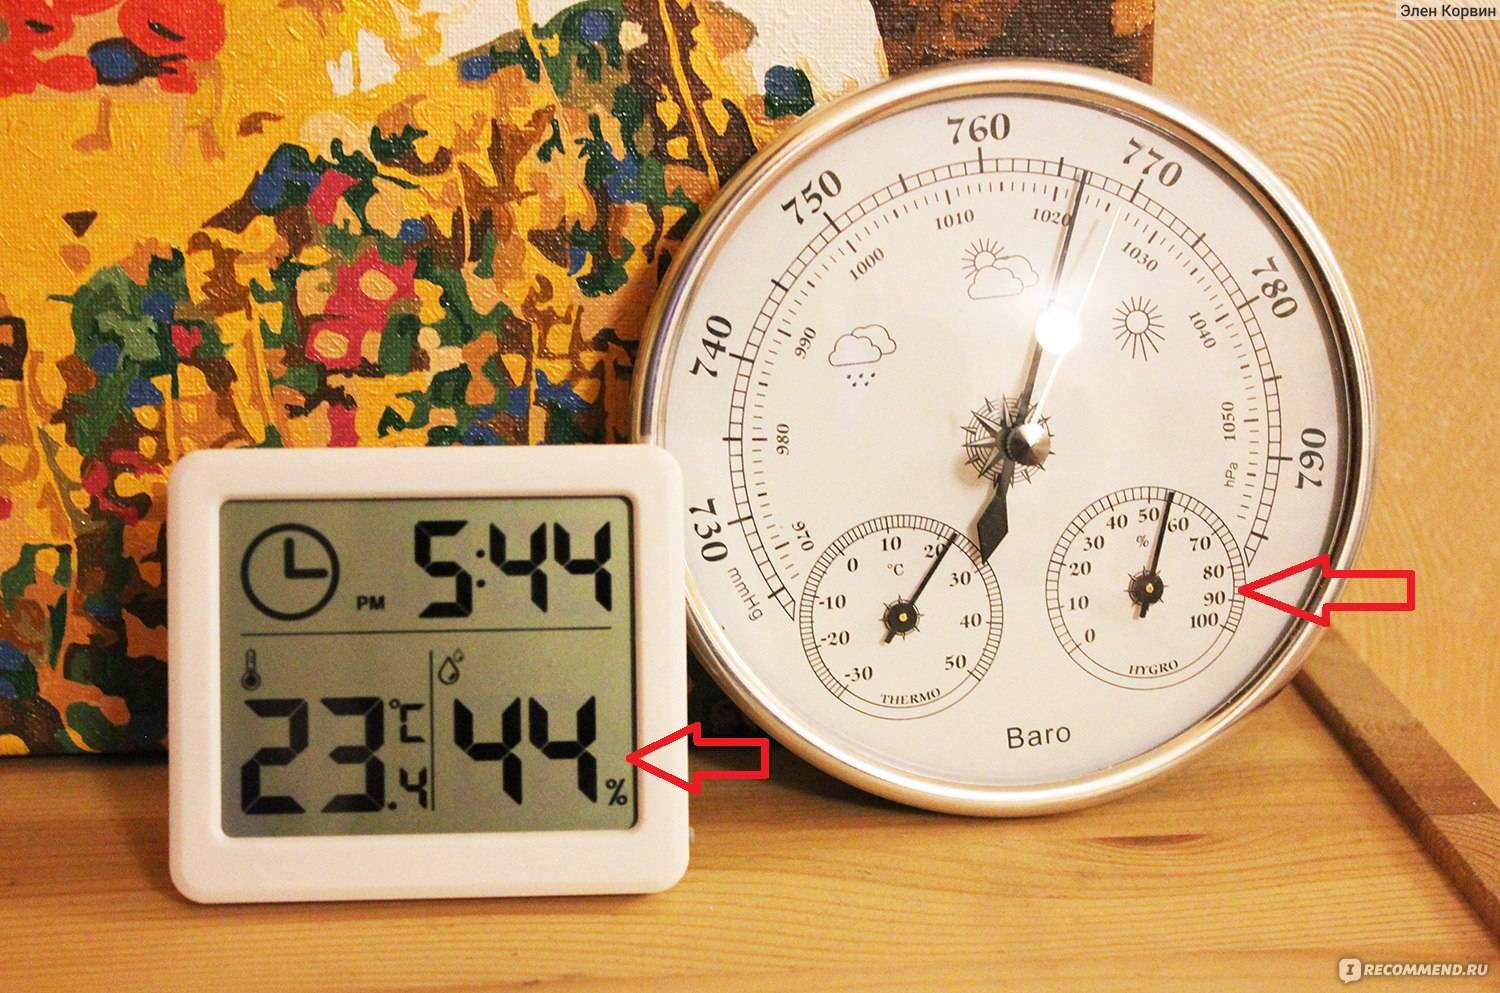 Гигрометры и термогигрометры - средства измерения влажности.
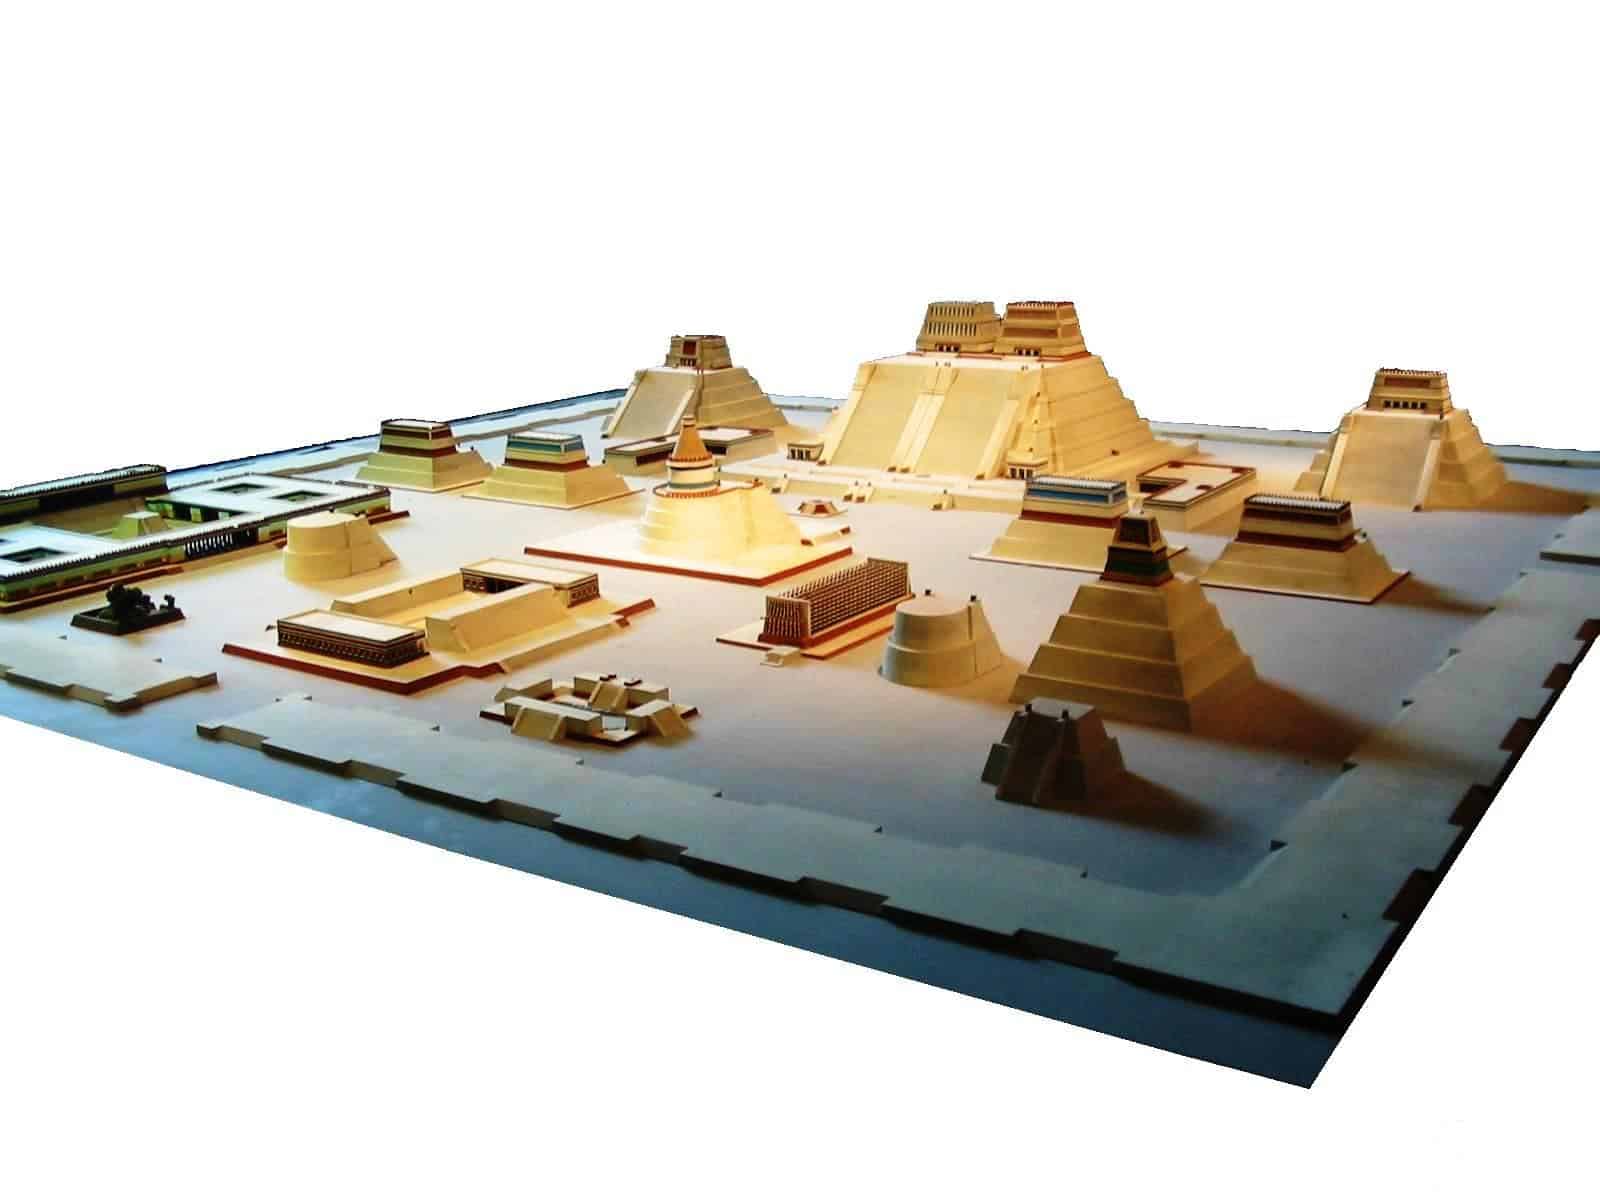 A model of Tenochtitlan, Aztec capital
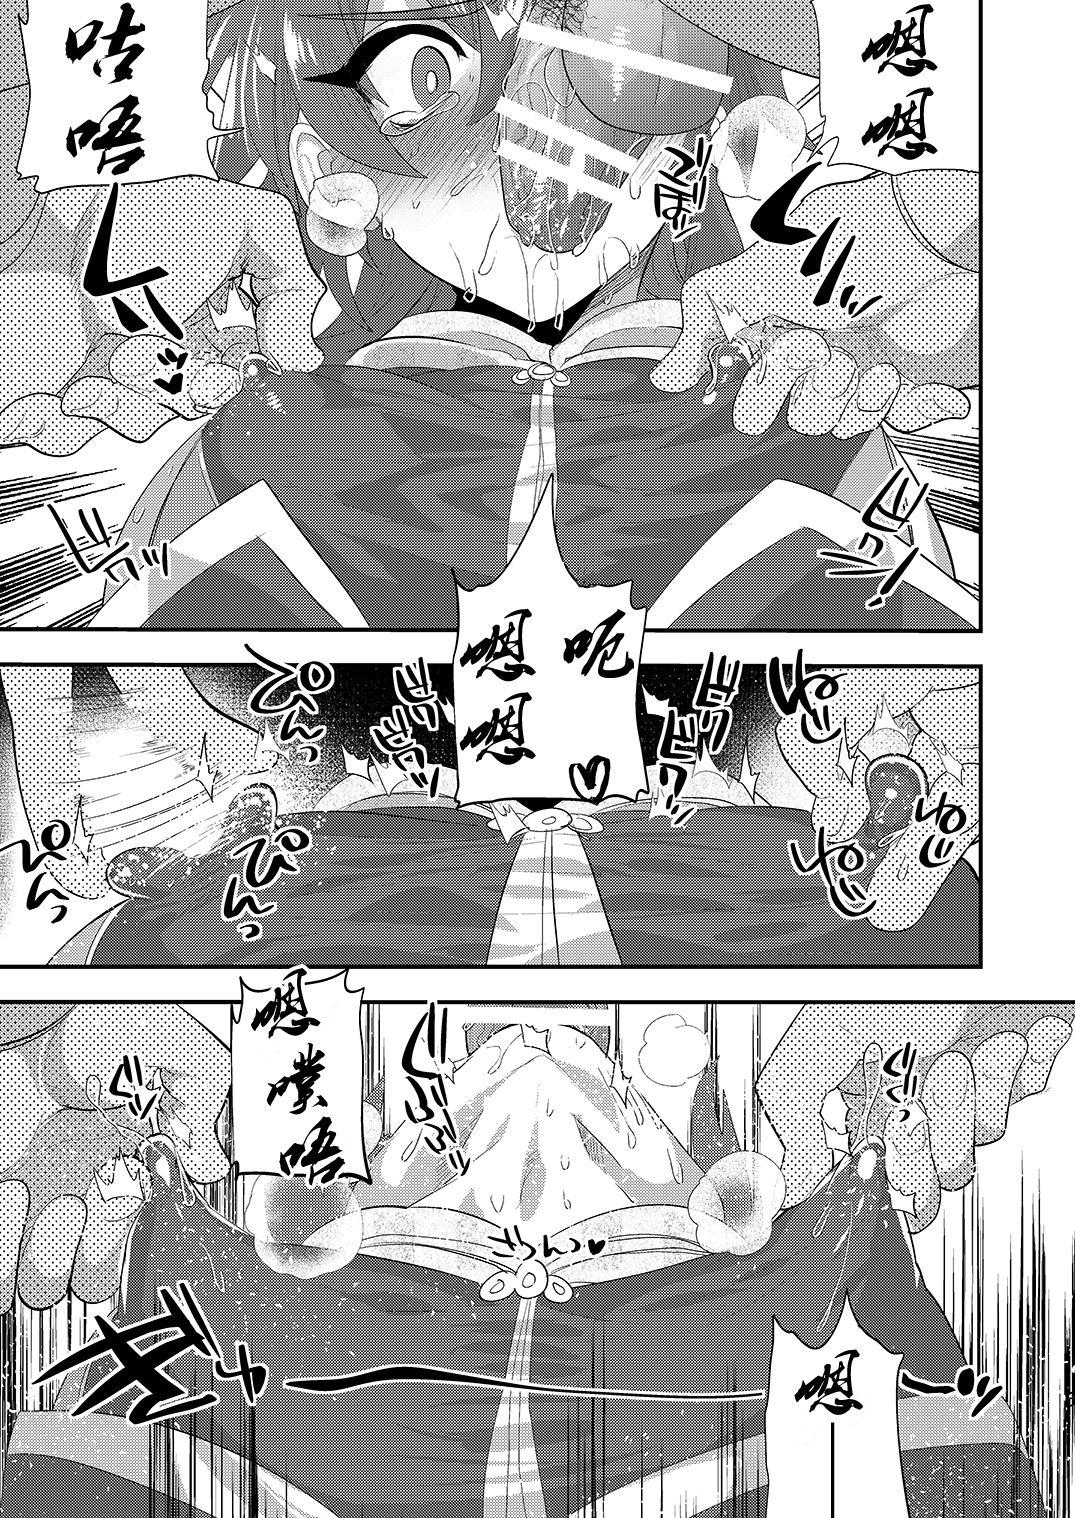 Str8 Kizuna LV0 no raama ou to himitsuno omajinai - Fate grand order Huge Cock - Page 6
============
From the first line to the last, reproduce the listing above exactly, leaving the pictures out.

Response to this task:
 Гигрометры и термогигрометры - средства измерения влажности.
 A model of Tenochtitlan, Aztec capital
 Str8 Kizuna LV0 no raama ou to himitsuno omajinai - Fate grand order Huge Cock - Page 6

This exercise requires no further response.